Le parallèle entre la violence barbare des protagonistes de Game of Thrones et le mode d’action de ce qu’est devenue notre pratique du libéralisme fait croire à certains que n’importe quel mode de révolte est permis. Les actions violentes de l’islamisme ou du gauchisme s’auto-justifient en prétextant que de toutes façons, la règle du jeu étant telle, il n’y a plus à prendre de gants.

Ce discours est fondamentalement faux et malhonnête. Car la différence reste l’emploi du crime, l’homicide. Ceux qui dressent un parallèle exact entre les dérives néo-libérales et l’oppression extrême de régimes tyranniques abandonnent le simple respect des faits. Tant que les dérives du néo-libéralisme ne franchissent pas le seuil du crime physique comme moyen d’élimination de ses adversaires, l’honnêteté intellectuelle ne permet pas de renvoyer purement et simplement dos-à-dos la pente inquiétante de nos sociétés et les barbaries qui prétendent les combattre en invoquant un homme nouveau.

S’il n’y a donc pas une symétrie de la valeur morale, il y a un parallèle des mentalités véhiculées, le monde qui se veut civilisé ayant adopté pour beaucoup les valeurs de la barbarie. Sans que cela ne les justifie, cela explique que les djihadismes et révolutions démagogiques trouvent toujours un carburant : leurs légions ne grossissent pas par le vide que nos sociétés leur ont laissé comme on le lit souvent, mais par un mimétisme des valeurs, la violence cherchant à forcer le cynisme à se déclarer franchement. Nos révolutionnaires et justiciers ne voient pas que ce faisant, loin de démasquer le cynisme ils lui offrent au contraire du temps supplémentaire pour tenir le discours de la vertu tout en conservant son déguisement.

Par ailleurs, la forme dévoyée que nos démocraties libérales ont empruntée font que la mort sociale est de plus en plus proche de la mort physique, ou à tout le moins d’un grand raccourcissement de l’espérance de vie. Si la mort comme sanction réservée aux perdants du jeu des ambitions humaines demeure généralement symbolique dans nos sociétés, l’accroissement de la précarité et des inégalités sociales rendent cette mort de plus en plus proche de son sens premier.

La destruction de l’autre se fait de façon diluée et progressive dans nos sociétés. On peut y voir un progrès de la civilisation, mais sa redoutable pression crée une société de peur et de violence rentrée pouvant éclater à tout moment. Tout joueur d’échecs le sait, la menace est plus forte que son exécution. Au-delà d’un certain seuil de précarité et d’inégalité imposé aux couches les plus faibles de la société, le parallèle entre les barbares et le dévoiement de nos sociétés libres deviendra vrai : il n’y aura plus dans ce cas de différence entre le dépeçage façon « Game of Thrones » produit par le néo-libéralisme au nom du saint marché ou celui des djihadistes au nom de Dieu.

Nous n’y sommes pas, et il faut pour cette raison combattre sans faiblesse aucune le discours des islamo-gauchistes, prêts à sacrifier sans sourciller ce qu’il nous reste de libertés authentiques. Mais ne pas voir que notre propre dérive interne menace de rendre vrai leur discours mensonger, c’est ignorer l’autre théâtre du combat, tout aussi important. Si j’attaque avec une grande virulence le néo-libéralisme dans la plupart de mes écrits, avec la même force que l’islamo-gauchisme, ce n’est pas parce que j’estime qu’il y a une symétrie morale entre eux – ce n’est pas encore le cas – mais parce que pragmatiquement, sur le plan des dégâts commis à une véritable société de liberté, ils peuvent saper tout aussi efficacement l’un que l’autre.

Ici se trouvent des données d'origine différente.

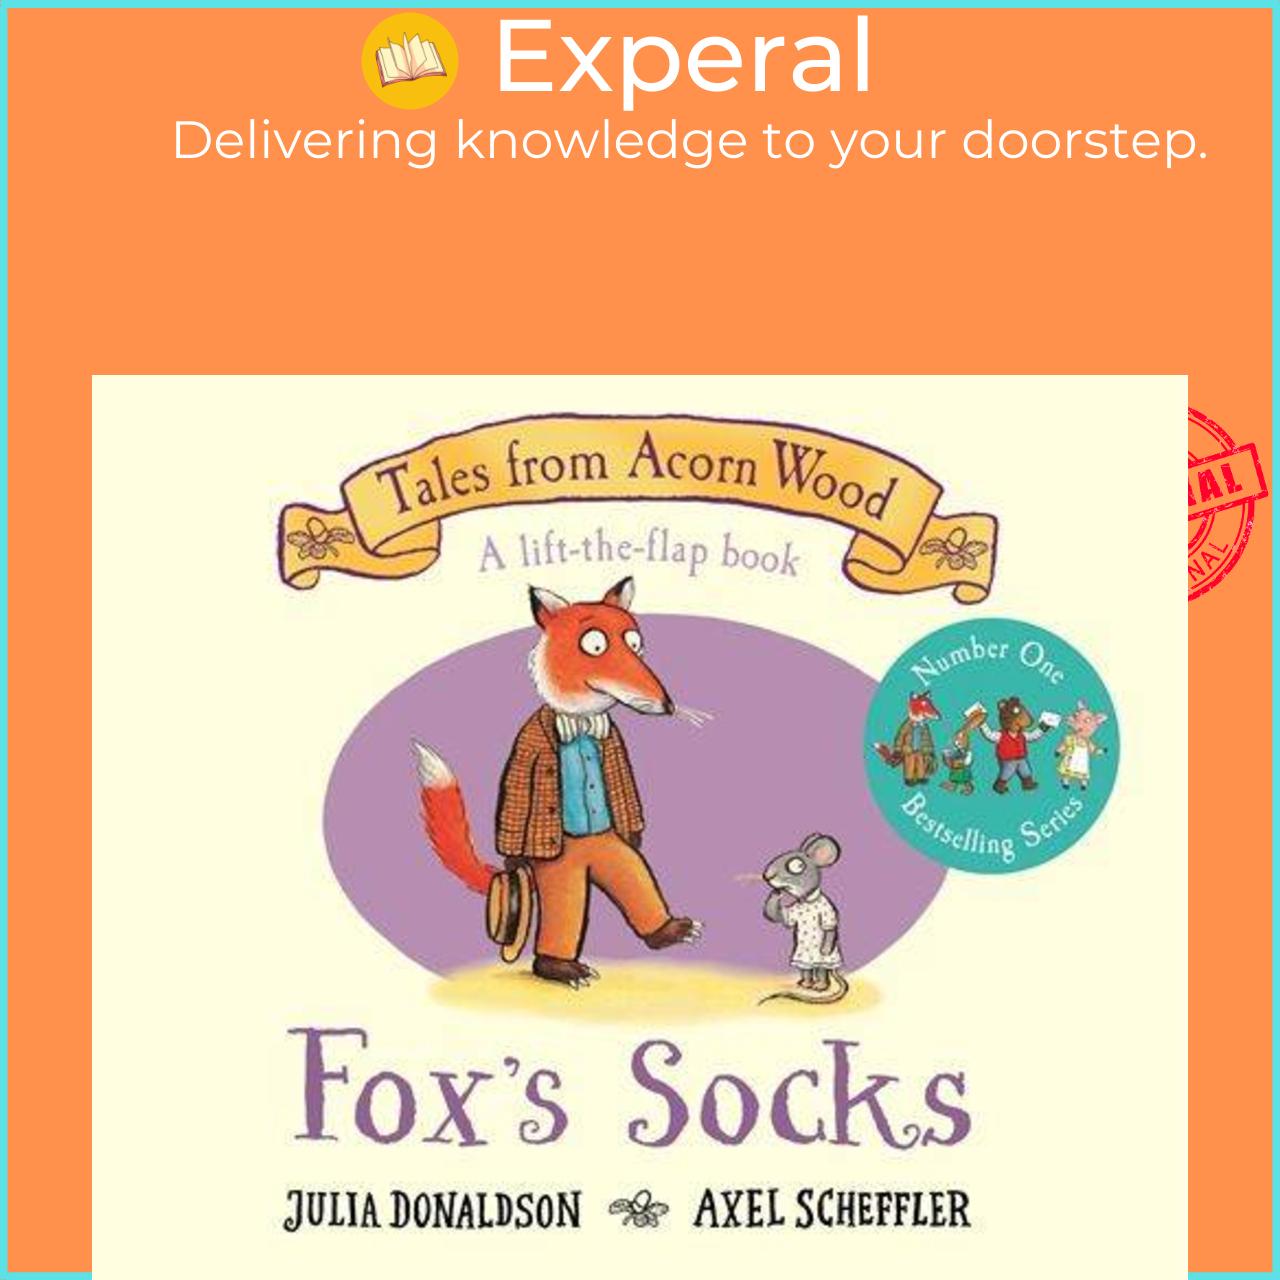 Sách - Fox's Socks - A Lift-the-flap Story by Julia Donaldson (UK edition, boardbook)
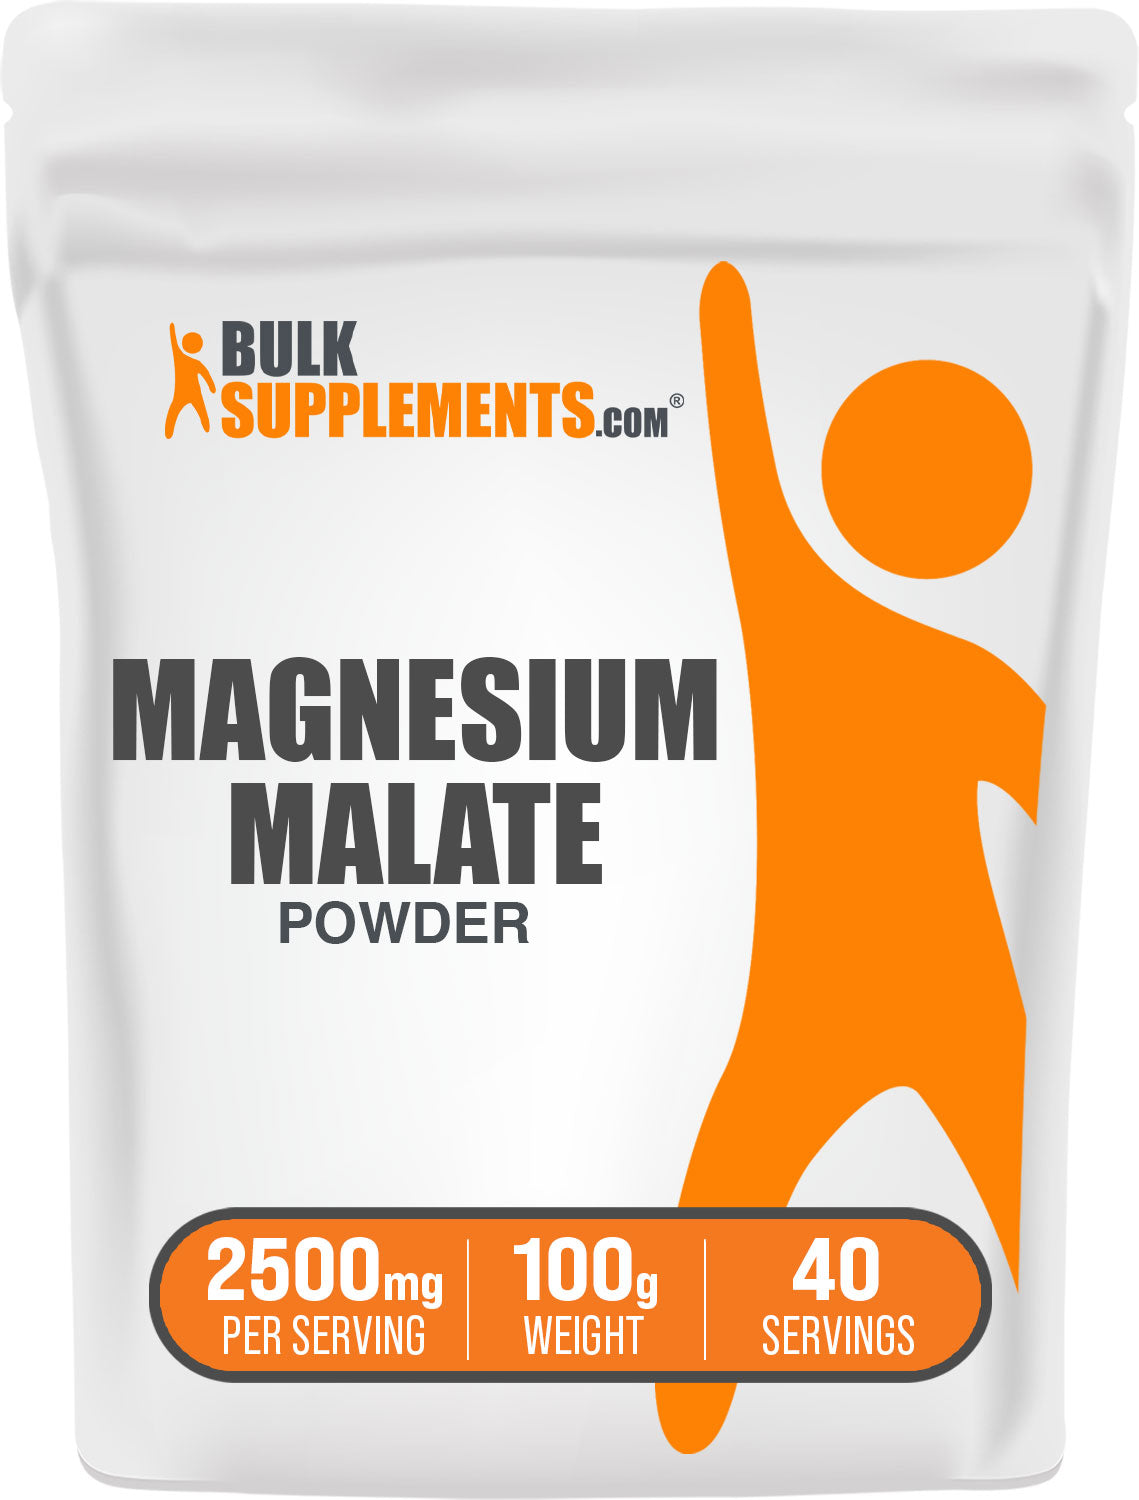 Magnesium Malate 100g Bag, 2500mg per serving

Il pourrait nous être objecté que même dans le cas d’une société extrêmement inégalitaire et maintenant une grande partie de sa population dans la seule survie, le non emploi direct de la violence physique continuerait de nous distinguer des modèles de société oppressive : la valeur de la vie demeure pour les tenants de ce contre-argument, la ligne de démarcation ultime. Mais dans ce cas, il faudrait estimer que le peuple qui a fait la révolution française était moralement condamnable et que la monarchie bien que critiquable, lui était moralement supérieure. Un argument bien court historiquement.

La limite du seul critère du recours explicite à la violence comme moralement condamnable, est que passé un certain seuil, la violence sourde et progressive de la précarité sociale rejoint une pure et simple mise à mort, l’hypocrisie en plus. Il serait cocasse que le libéralisme historique étant né pour combattre l’arbitraire monarchique, ceux qui s’en réclament aujourd’hui en en déformant et usurpant l’héritage parviennent à rétablir une société tout aussi arbitraire. S’il semble inconcevable à certains que l’on revienne à de pareils faits du prince, les mœurs politiques ou de gouvernance de grandes sociétés de nos jours, lorsqu’ils suivent le schéma de Saviano, ressemblent à s’y méprendre à l’ancien régime.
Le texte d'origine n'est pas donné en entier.